I became a mom last year, and let me tell you, I have some uber mama bear protector vibes going on these days. So let me repeat, no child is safe in this country as long as the lives of Black children are unsafe. I want to live in a country where every child and person can prosper without the threat of systemic racism. That means we need to go back to the drawing board and create alternative systems of care where we don’t call the police for our problems. We need to redirect resources away from police to communities so people are supported and can thrive from an early age. I hope that girl is okay. 

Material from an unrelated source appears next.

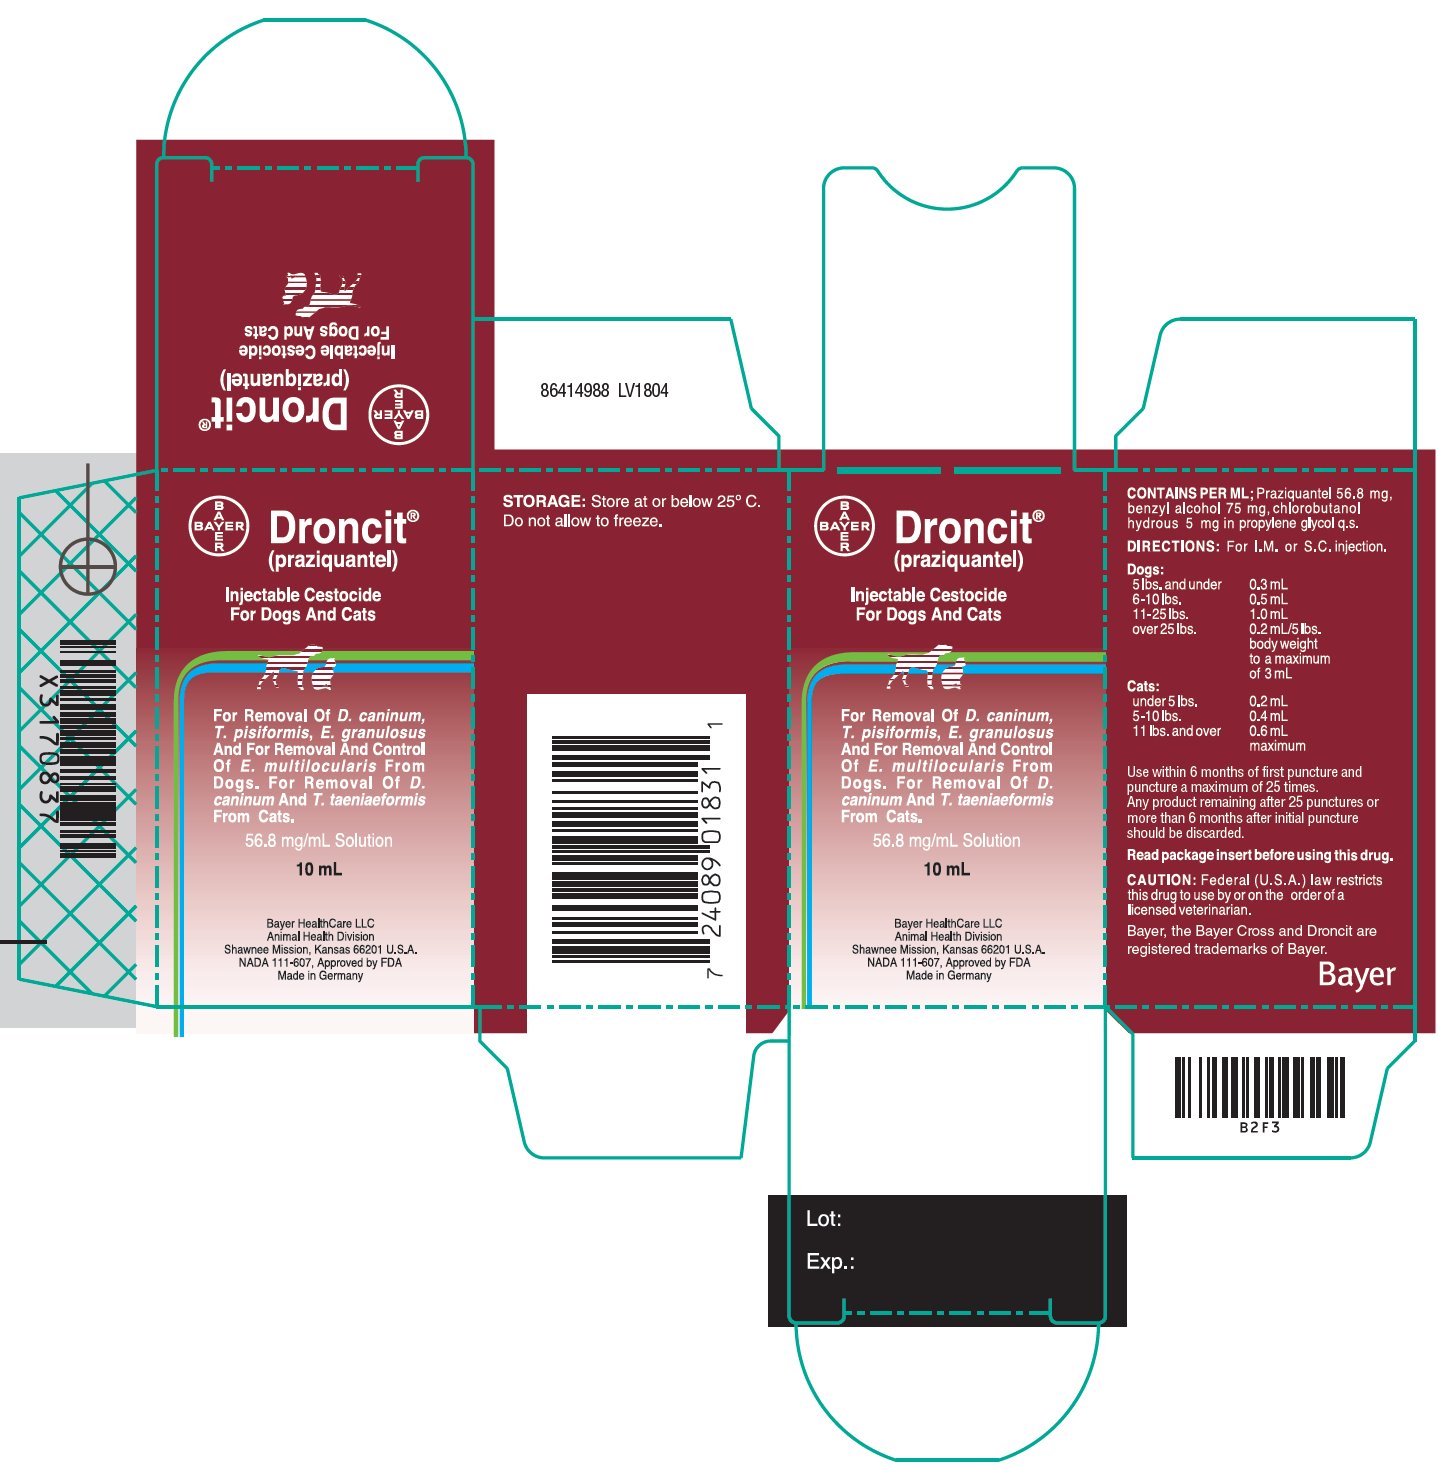 Droncit (praziquantel) Injectable Cestocide For Dogs and Cats 56.8 mg/mL Solution carton label

It’s Mother’s Day, which was started in the 1870s as an appeal for women to unite for peace. But, I’m not calling for peace. I’m calling for justice––without justice, there can be no peace.  I want justice for that young girl in the emergency room. I want justice for families of people killed by police violence. I want justice for the centuries of racism and exploitation that have ravaged the lives of people of color.That sounds like a lot of work, and I don’t have all of the answers, but we have to start from somewhere. 


One way (but not the solution by any means) we can find justice is by ending qualified immunity so we can hold police accountable. Qualified immunity is the practice that prevents cops from being sued in court for violating people’s civil rights. If police must face the consequences for murdering innocent people, then maybe they will think twice before pulling a gun or kneeling on someone’s neck.

This Mother’s Day for Justice, I’m asking you to take a small action by emailing your legislator and demanding they vote to end qualified immunity in the Commonwealth. Since last year, two bills were introduced to get rid of the practice, but they were defeated by a reticent legislature that preferred to give police bonuses instead. 

One thing about calling for justice is that you don’t shut up until you achieve your goal. So expect your people over here at Progress Virginia to continue demanding justice and an end to qualified immunity. So you best get to work and email your legislator today. Also, don’t turn away next time you see injustice unfolding. Watch, record if you can, and remember. Oh and Happy Mother’s Day to all you mothers out there fighting like crazy to survive and protect your babies in this crazy world. We see you.